A partir de sua experiência pessoal, Rebeca Mendes abraçou a causa do aborto legal e, em 2020, criou o projeto Vivas, que leva mulheres a países onde o procedimento não é crime, entre eles Colômbia e Argentina. “Se eu for olhar o todo, é muito pouco, mas, quando a gente muda a história de uma mulher, muda também o mundo dela”, afirma, antes de lamentar a dificuldade no Brasil para o abortamento, inclusive nos casos previstos em lei. A dificuldade citada pela advogada materializou-se no recente caso, em Santa Catarina, de uma menina de 10 anos que engravidou após sofrer estupro. A menor teve o direito ao aborto negado pelo hospital e, em seguida, pela juíza Joana Ribeiro Zimmer, que, não bastasse o drama da vítima, submeteu a requerente a constrangimentos durante a audiência. Uma tripla violência, duas delas praticadas pelo Estado que deveria proteger a garota.
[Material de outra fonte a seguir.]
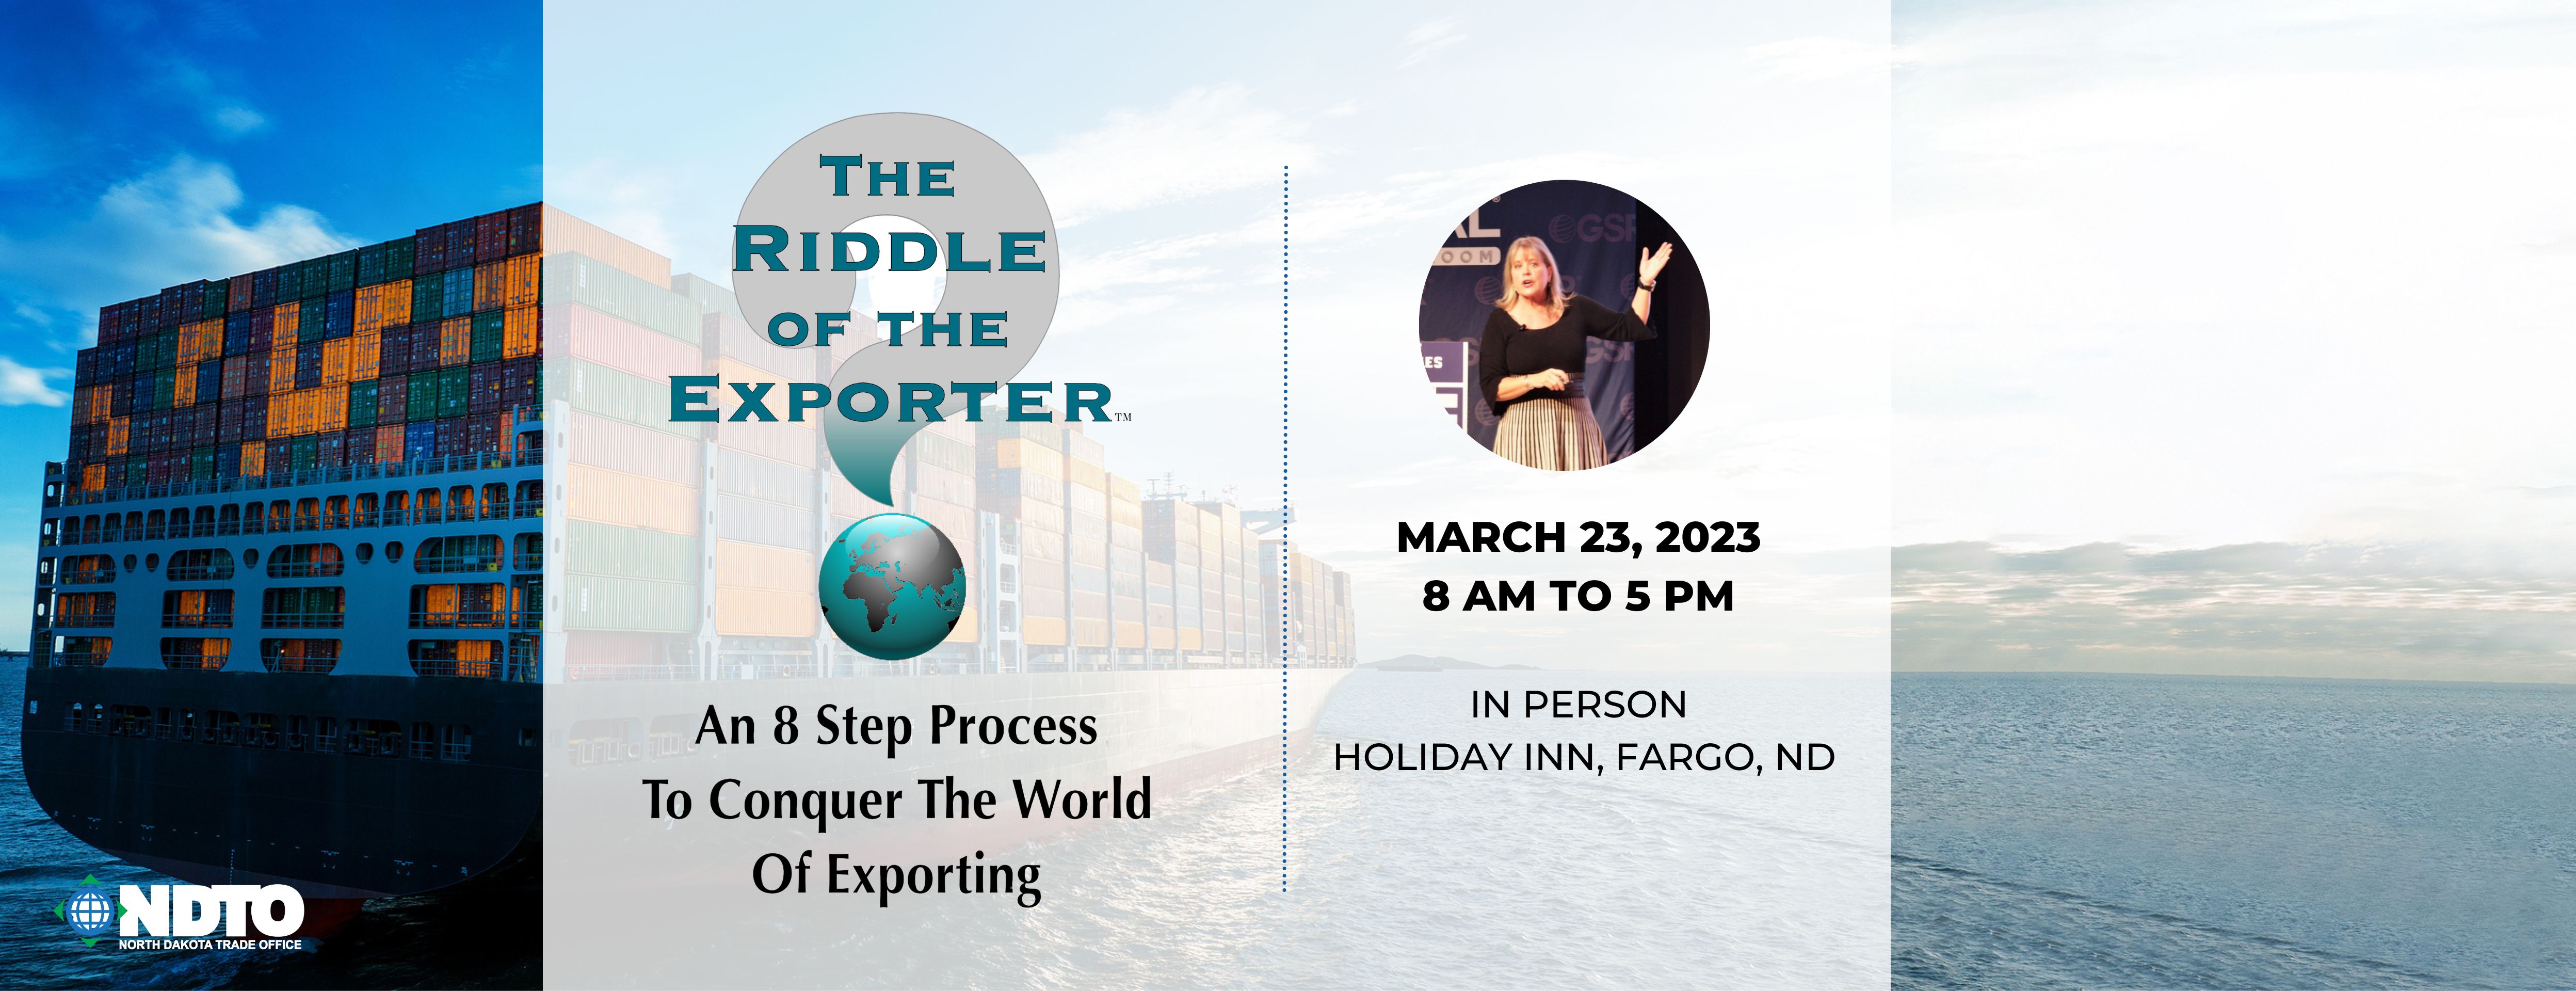 The Riddle of the Exporter Live in Fargo

“Estamos diante de um fanatismo de perseguição às mulheres”, diz a antropóloga Débora Diniz

Na contramão do Código Penal de 1940, que garante o direito ao aborto às mulheres vítimas de violência sexual, independentemente do tempo da gestação, ao negar o procedimento o hospital alegou haver um protocolo interno a estipular em 20 semanas o limite para o aborto sem autorização judicial. Com 22 semanas àquela altura, a menina e a mãe buscaram o amparo da Justiça, mas Zimmer não só induziu a criança a não abortar como a encaminhou a um abrigo, na tentativa de evitar que a família insistisse no procedimento. A magistrada perguntou se a criança poderia “esperar um pouquinho” até o feto ter chance de sobreviver para, ao nascer, ser entregue à adoção. “A decisão tem de se dar entre aqueles que sabem cuidar da criança. Jamais deve tomar manchete de jornal, não precisa de Justiça nem de política. O debate não é sobre aborto. Uma menininha de 10 anos é só para ser protegida e ter uma vida livre de violência. Estamos diante de um fanatismo de perseguição às mulheres”, destaca a antropóloga Débora Diniz, pesquisadora e ativista da causa da descriminalização do aborto. “A atuação do Estado deveria ser só uma: garantir rapidamente o acesso ao procedimento solicitado ali, sem gerar nenhuma barreira nem tentar convencê-la do contrário. Este não é o papel do Estado”, completa a advogada Gabriela Rondon, da Anis Instituto de Bioética. A atuação da juíza, reforçada pela promotora pública na audiência, motivou protestos em São Paulo e em outras cidades brasileiras. Somente após a repercussão do caso e de 42 dias encarcerada num abrigo, a criança conseguiu, enfim, a autorização para realizar o aborto.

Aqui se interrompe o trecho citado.